Task directions
Copy out exactly the lines spanning the line with "back of green" to the line with "1950s European Snail", inclusive, from the data underneath, with no pictures.

Dataset content
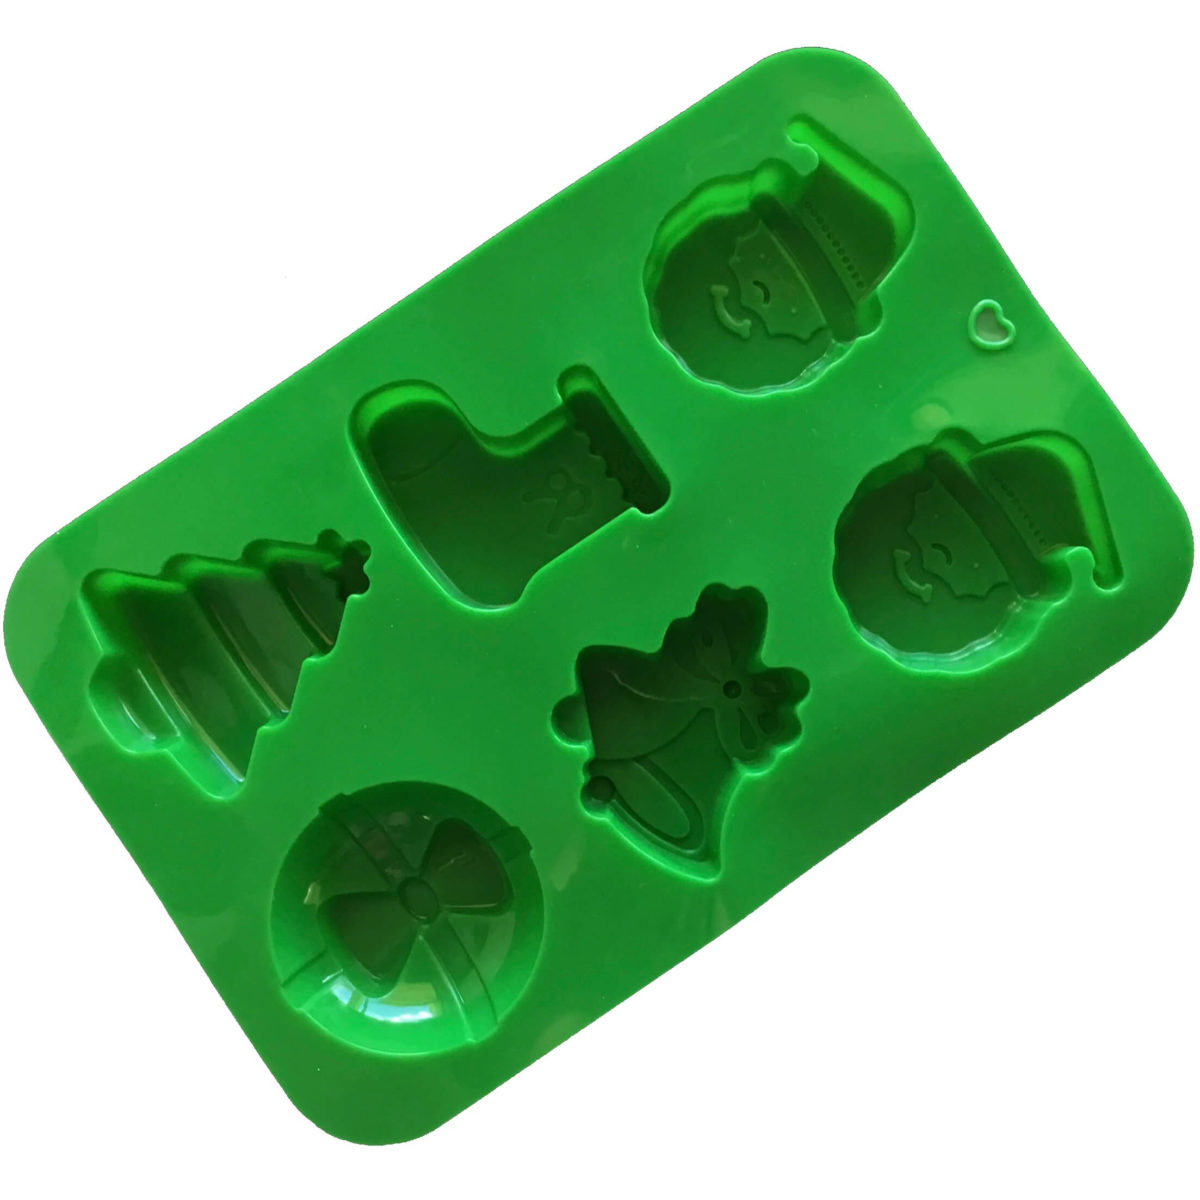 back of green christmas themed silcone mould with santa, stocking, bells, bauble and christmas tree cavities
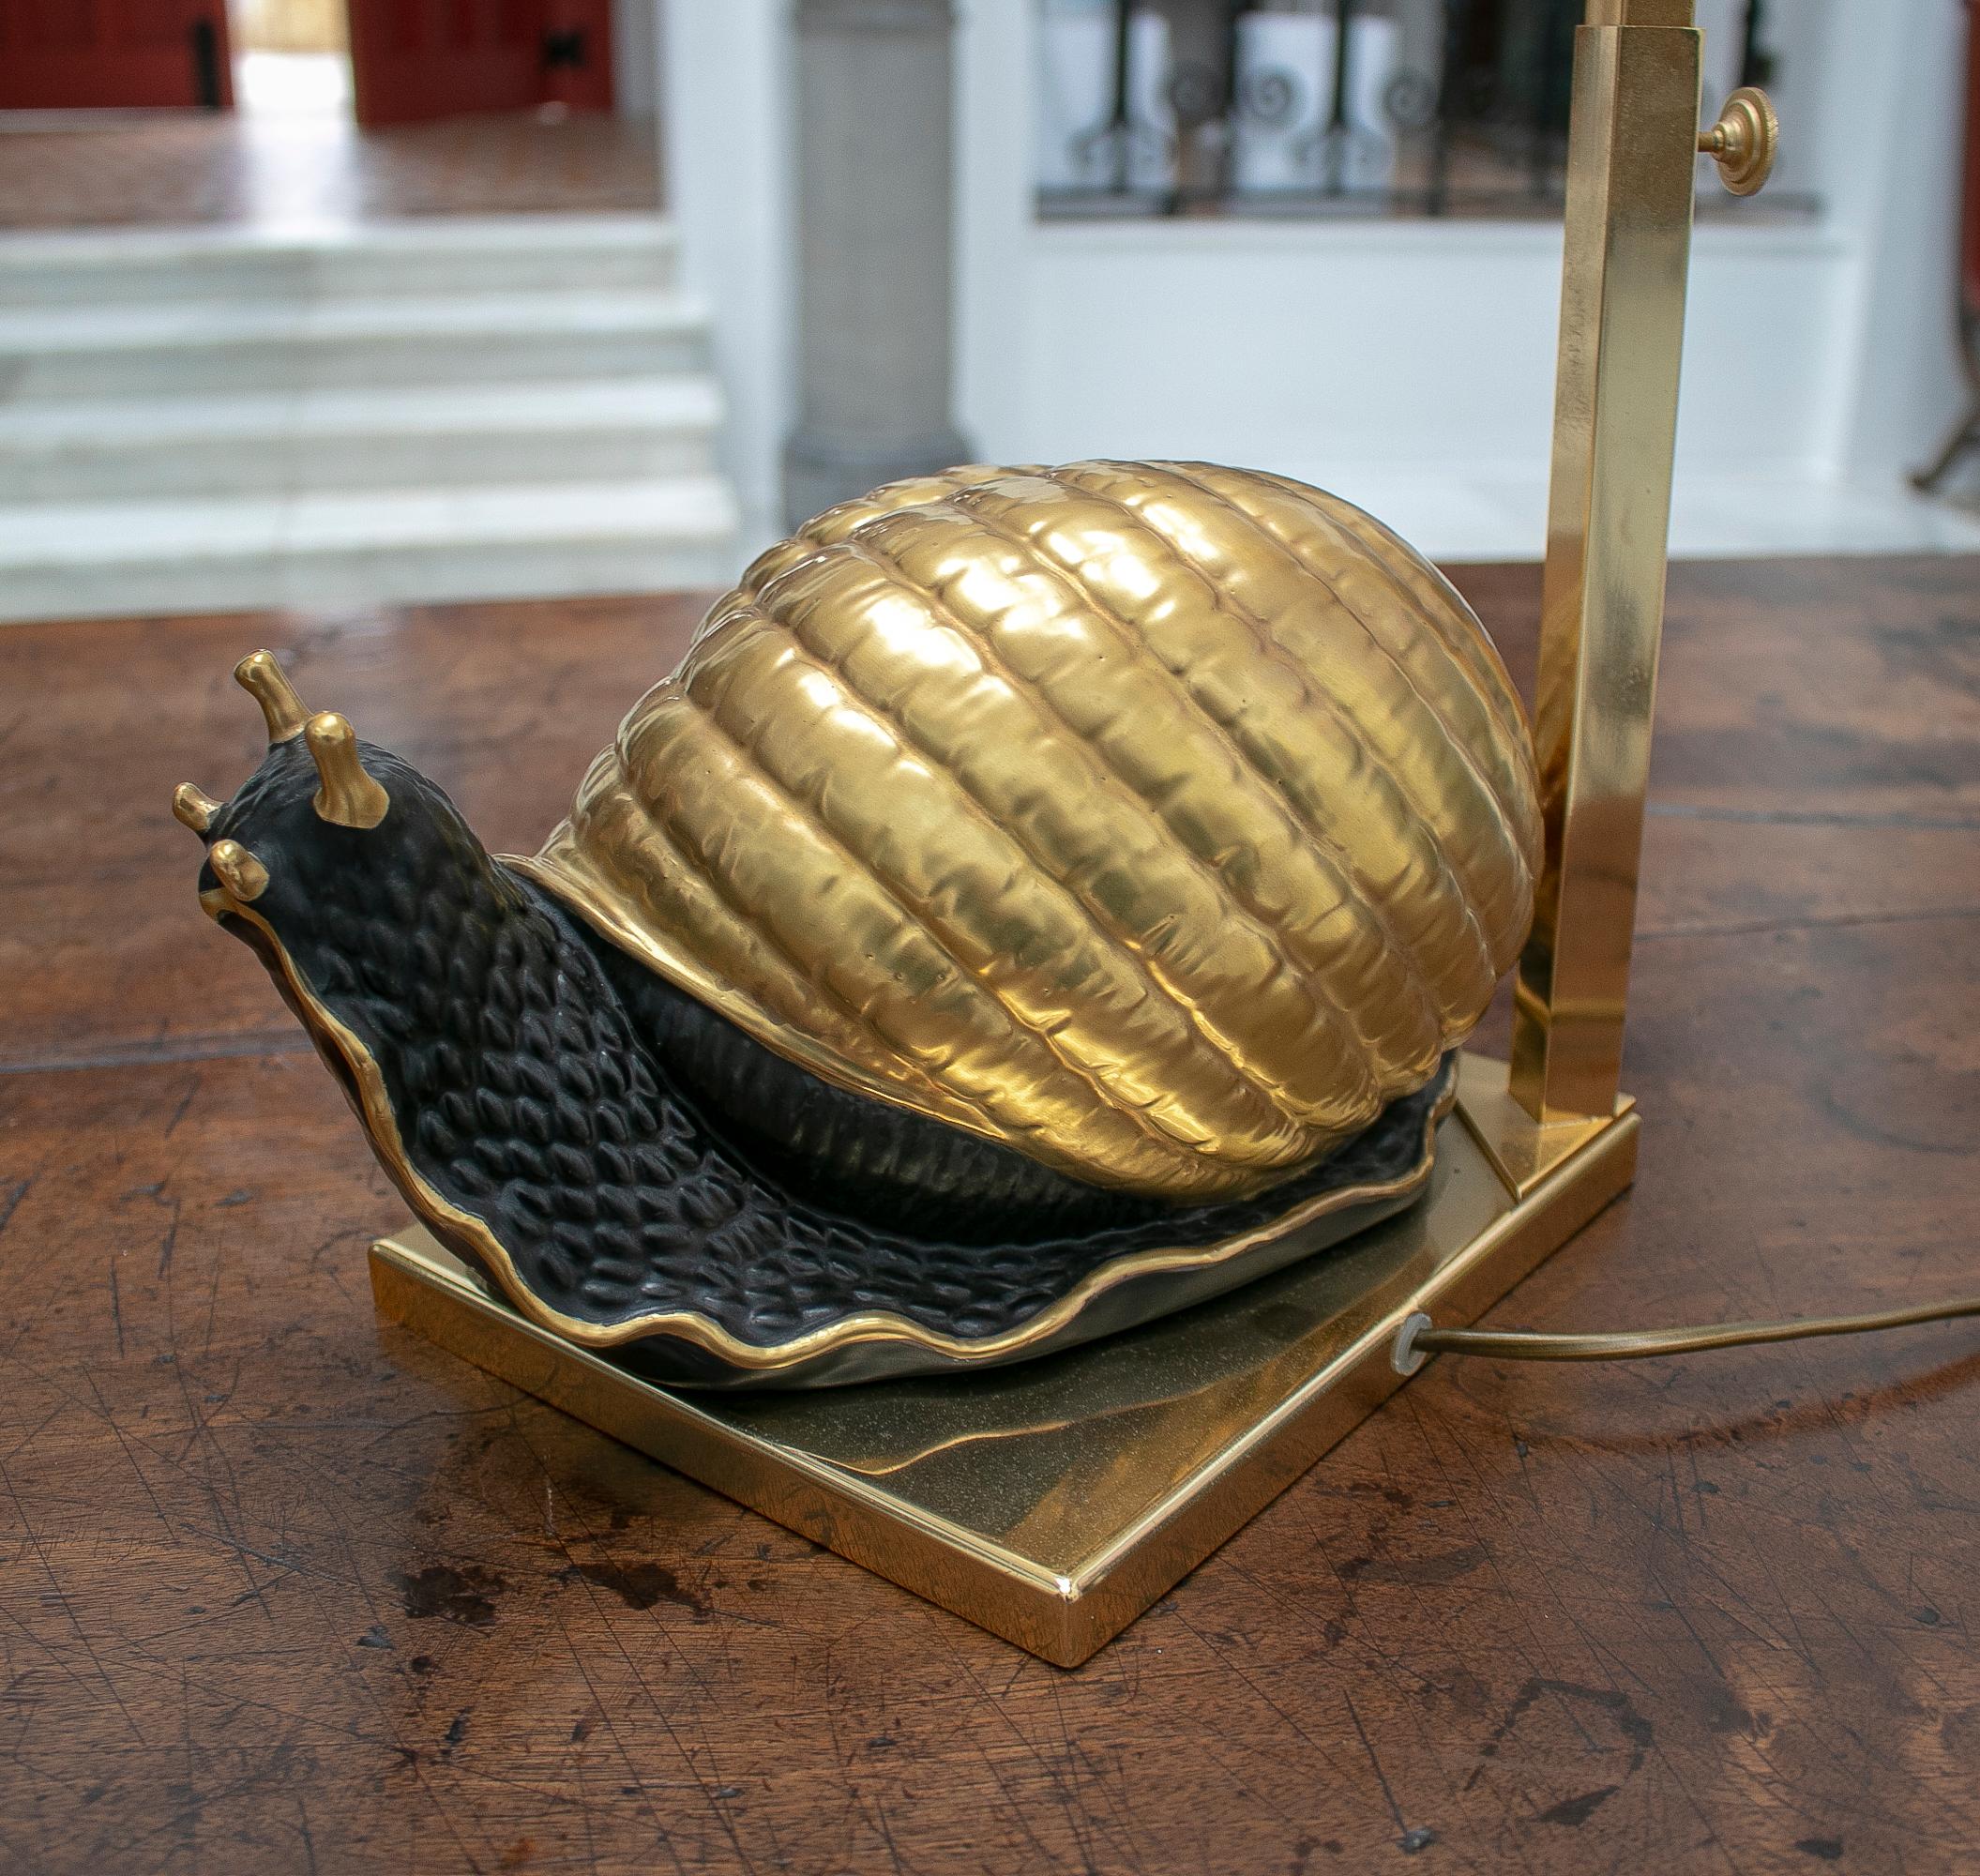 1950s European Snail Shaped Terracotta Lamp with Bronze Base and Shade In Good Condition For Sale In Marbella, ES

--

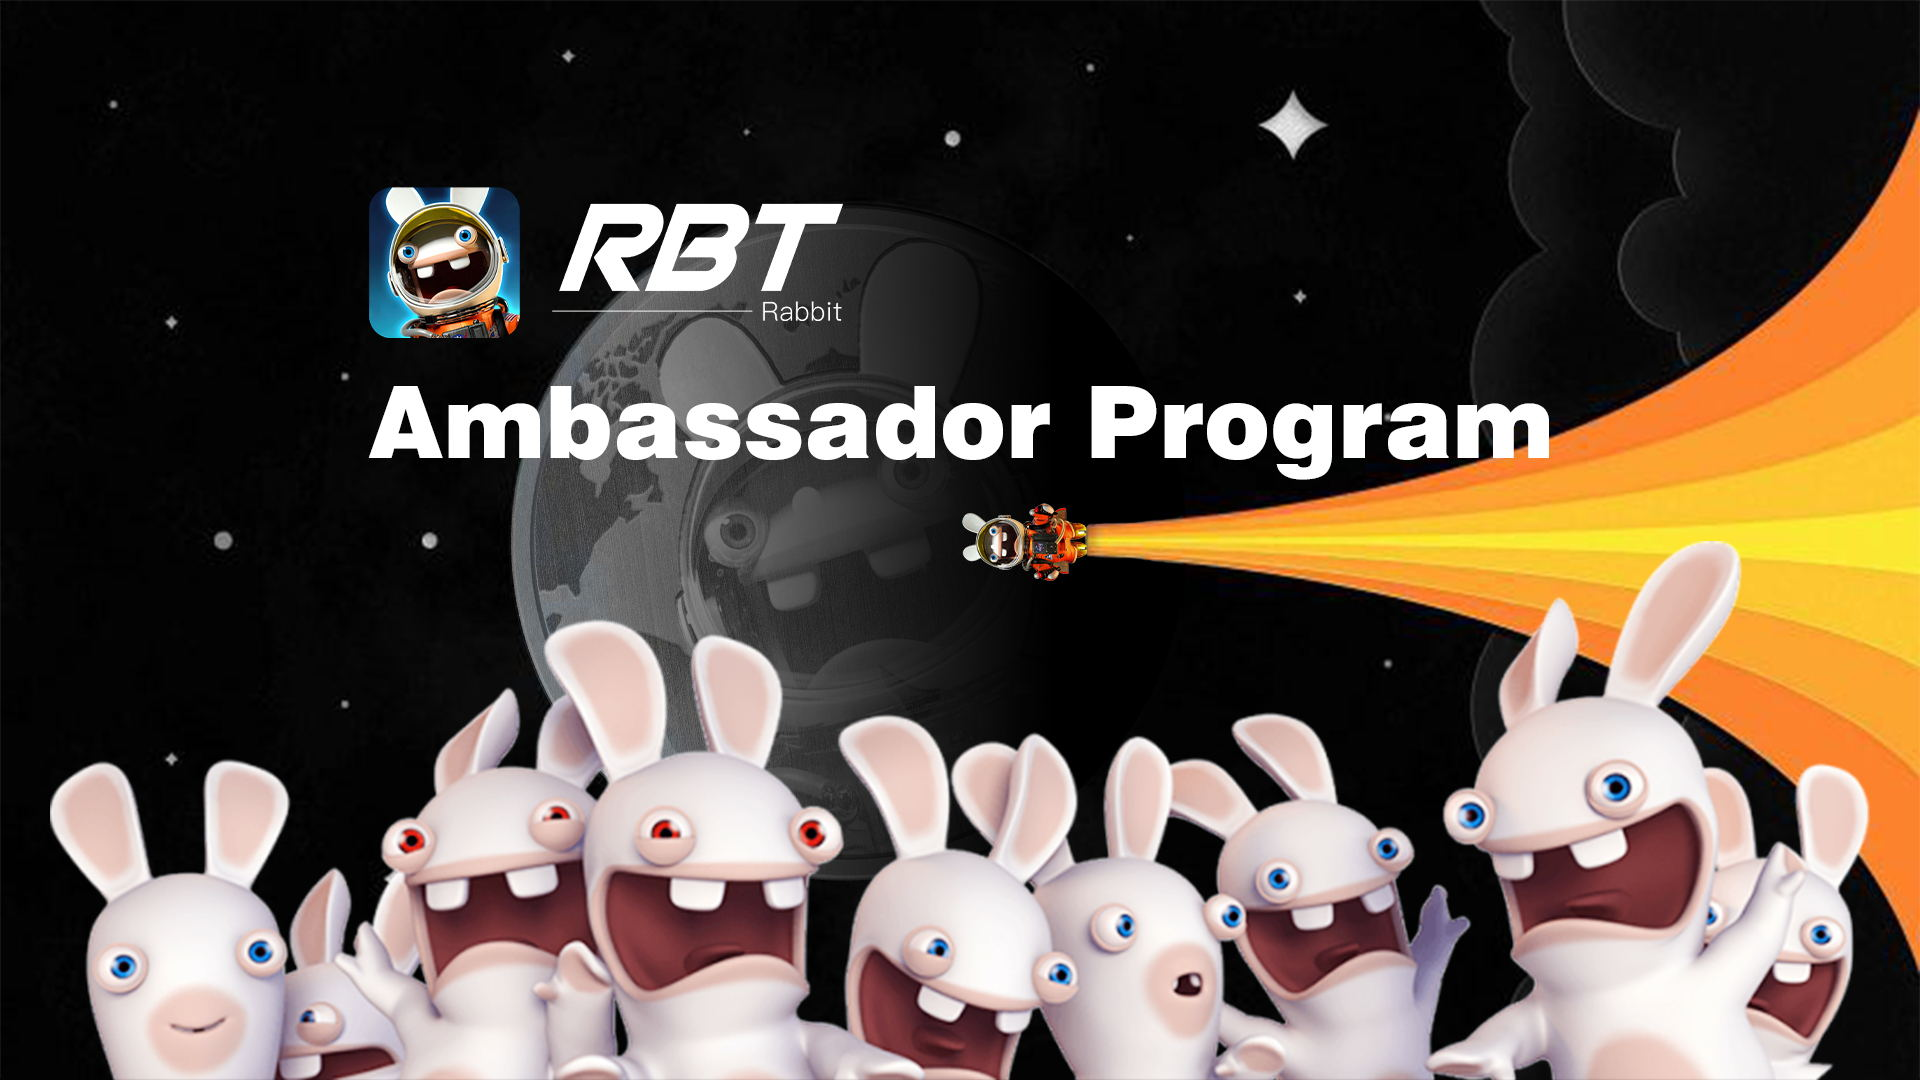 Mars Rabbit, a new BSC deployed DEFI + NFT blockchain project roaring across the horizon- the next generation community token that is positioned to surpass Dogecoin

Reply
 back of green christmas themed silcone mould with santa, stocking, bells, bauble and christmas tree cavities
 1950s European Snail Shaped Terracotta Lamp with Bronze Base and Shade In Good Condition For Sale In Marbella, ES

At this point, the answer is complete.